Michael Morpurgo’s Private Peaceful at Richmond Theatre

June 21, 2022 Last updated: June 21, 2022 12:50 pm By Alan Franks Leave a Comment

This tour of the play based on Michael Morpurgo’s 2003 novel for older children has an awful timeliness about it, given the present war in Europe and its enduring images of destruction. Like his earlier story War Horse, which won global fame on the back of the National Theatre’s 2007 production, it focuses on the lives, and deaths, of individuals caught up in the war which was allegedly the one to end all others. This it does with a documentary focus that is both merciless and compassionate.

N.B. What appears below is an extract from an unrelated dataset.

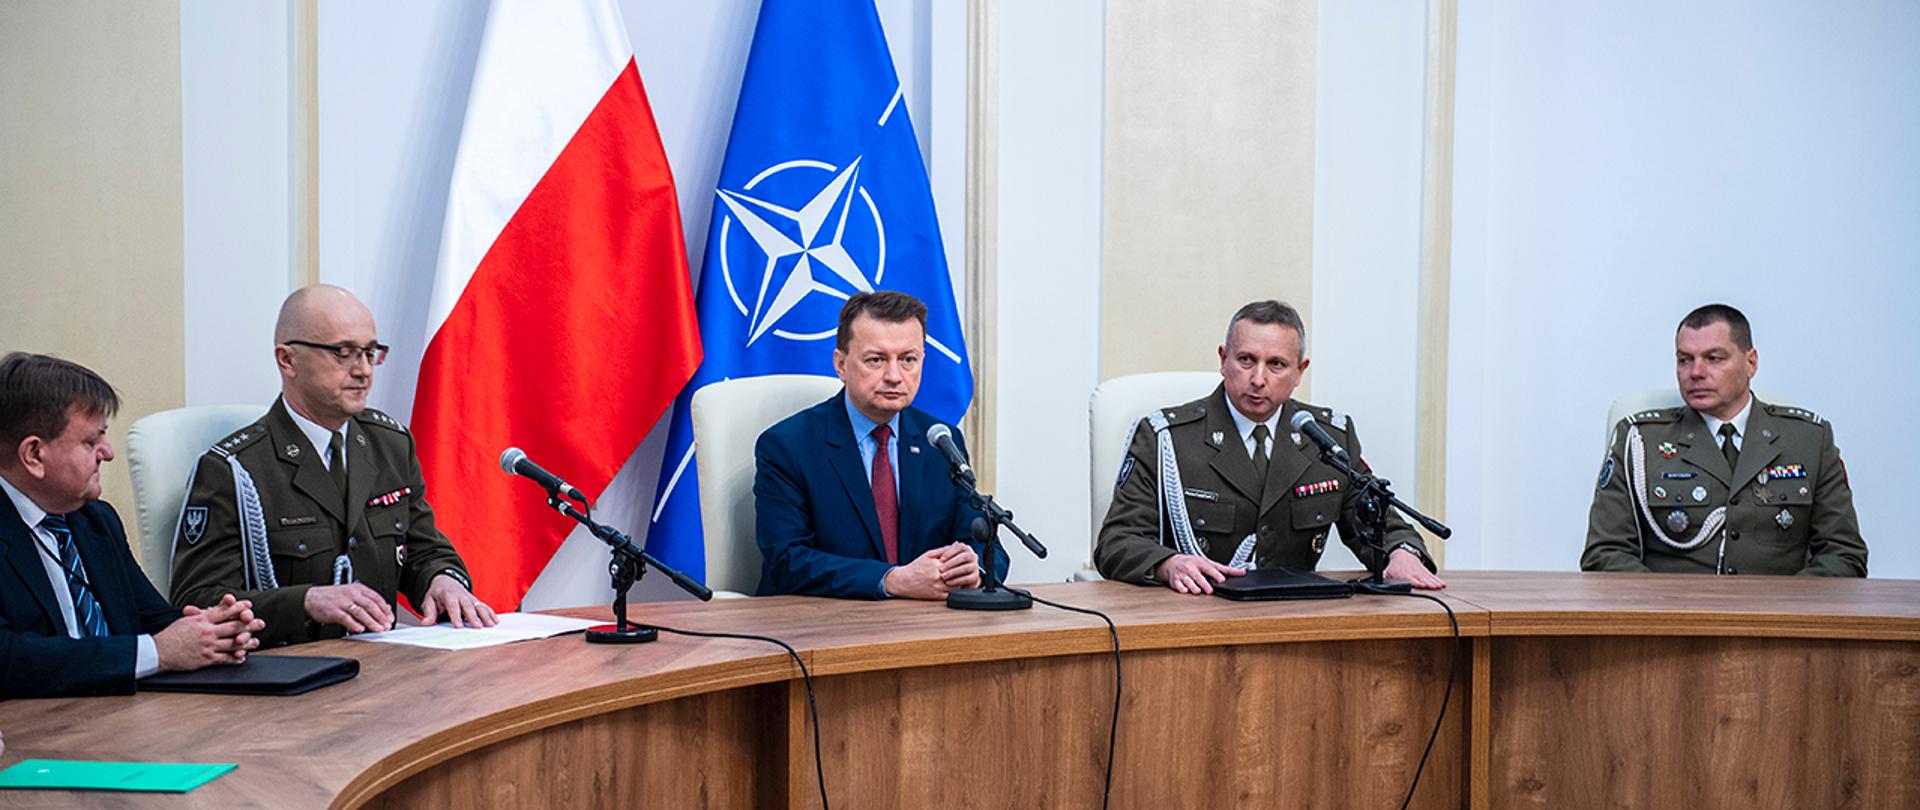 Szef MON siedzi przy stole z dowódcami Wojska Polskiego. Za nim flagi Polski i NATO.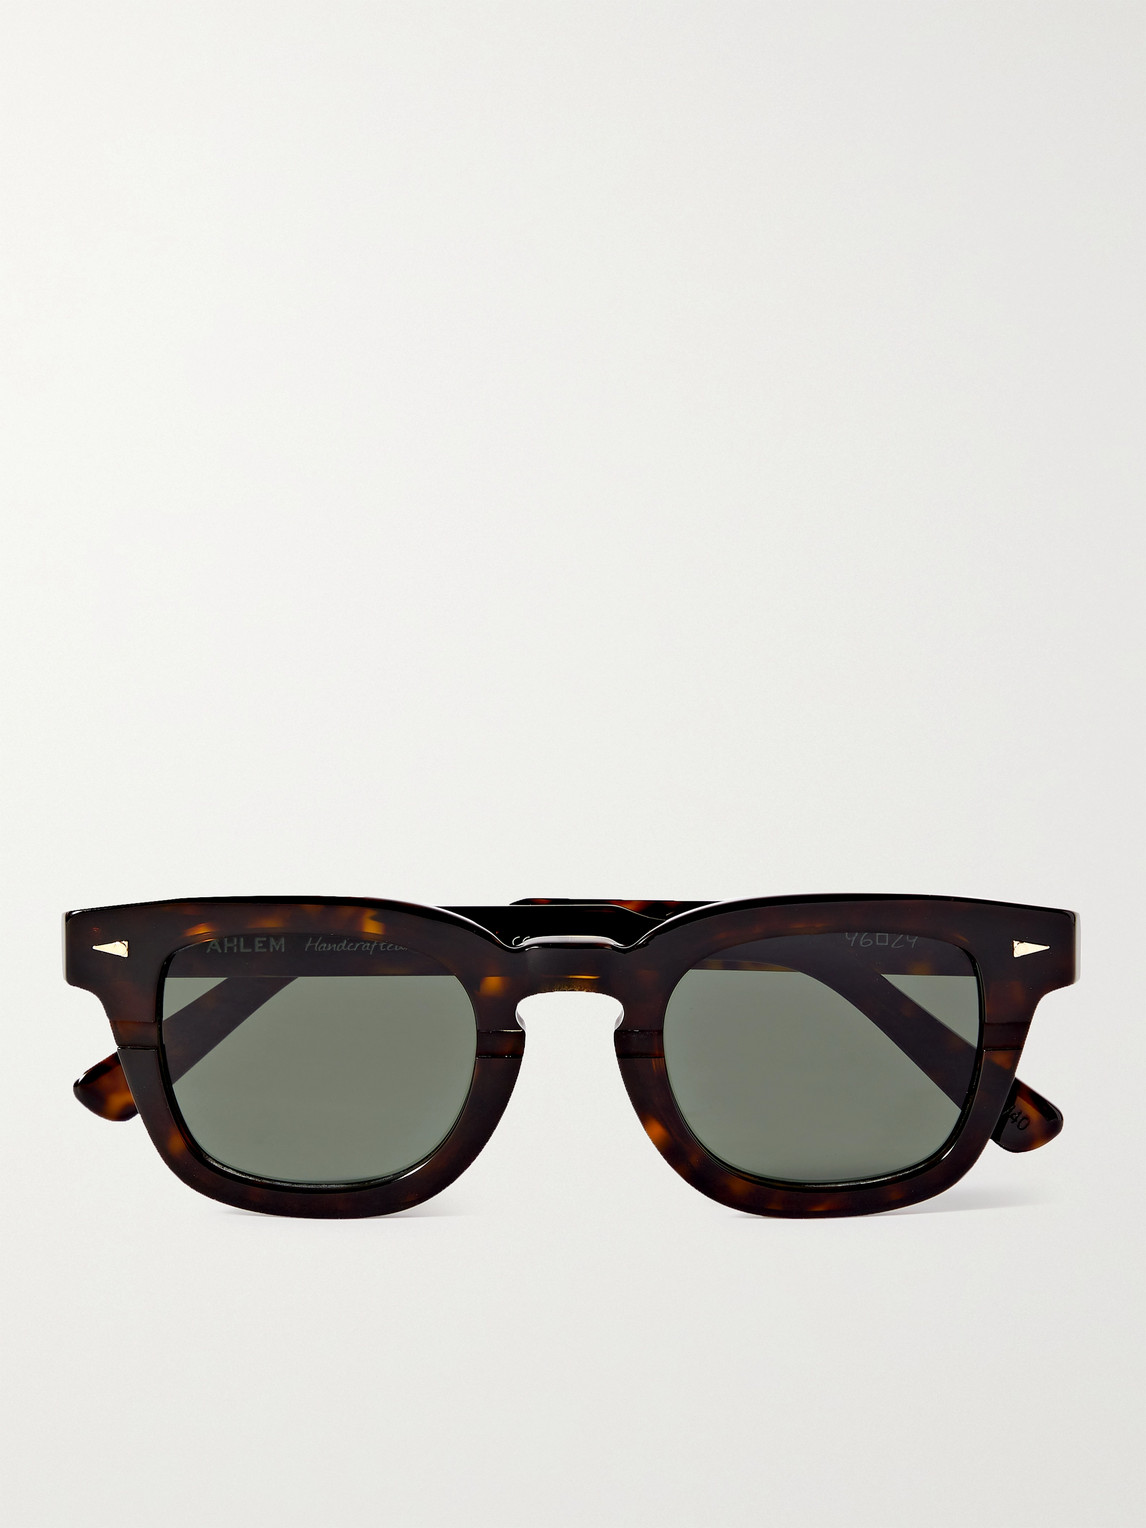 Ahlem Champ De Mars D-frame Tortoiseshell Acetate Sunglasses In Brown

Daniel Rainford & Emma Manton in Private Peaceful - Feb 2022 © Nottingham Playhouse (Photo Manuel Harlan)
Daniel Rainford & Emma Manton in Private Peaceful – Feb 2022 © Nottingham Playhouse (Photo Manuel Harlan)

Here we have a young conscript by the name of Thomas Peaceful – Tommo to his friends – who finds himself in the unspeakable mud and carnage of the French trenches. As with the book, this location alternates with that of the rural life from which he has been plucked in an England which, for all its tensions, still had a tranquility worthy of his surname. Yet there were also the anxieties of adolescence; a love rivalry with his brother Charlie over a girl called Molly. Tommo’s grief when Charlie and she have a shotgun wedding is a painful reminder that all is in fact far from fair in love, just as it is in war.

There is of course an earlier precedent for First War stage drama in Joan Littlewood’s 1963 production of Oh What A Lovely War. Although that show famously recruited elements of Music Hall to lampoon the absurdities of industrialised murder, this adaptation of Morpurgo’s book by Simon Reade is not so far removed in its combined echoes of oral history and radical political theatre.

Just as military technology has made terrifying strides since those times, so too have the resources of live theatre. One result is that the explosions are so blinding and the tremors so earth-shaking that they surely scatter the birds from the trees on the green outside the theatre.

On the evening I went, there was a strong contingent of early teens and younger, all unflinchingly rapt by the world falling apart before their eyes. None looked remotely fazed, at least not until the moment when Charlie must face the firing squad for having disobeyed orders by remaining at his stricken brother’s side.

Director Elle While has conscripted a fine troop, with Daniel Boyd and Daniel Rainford outstanding as the brothers Charlie and Tommo. John Dougall and Emma Manton mentioned in dispatches for multi-tasking manoeuvres involving a total of seventeen characters. A properly challenging night in the theatre of operations. History snapping at our heels.

4 stars

Review by Alan Franks

Simon Reade’s adaptation of Michael Morpurgo’s classic story PRIVATE PEACEFUL comes to Richmond Theatre this June to coincide with Armed Forces Week – a week created to celebrate the people and work of the UK Armed Forces which culminates in Armed Forces Day on Saturday 25 June. Richmond Theatre has partnered with Richmond-based national charity The Poppy Factory who produce remembrance products and support veterans with health conditions on their journey into employment. Due to the close connection between the charity and the themes of PRIVATE PEACEFUL, there will be a charitable bucket collection for audiences at the end of the performance.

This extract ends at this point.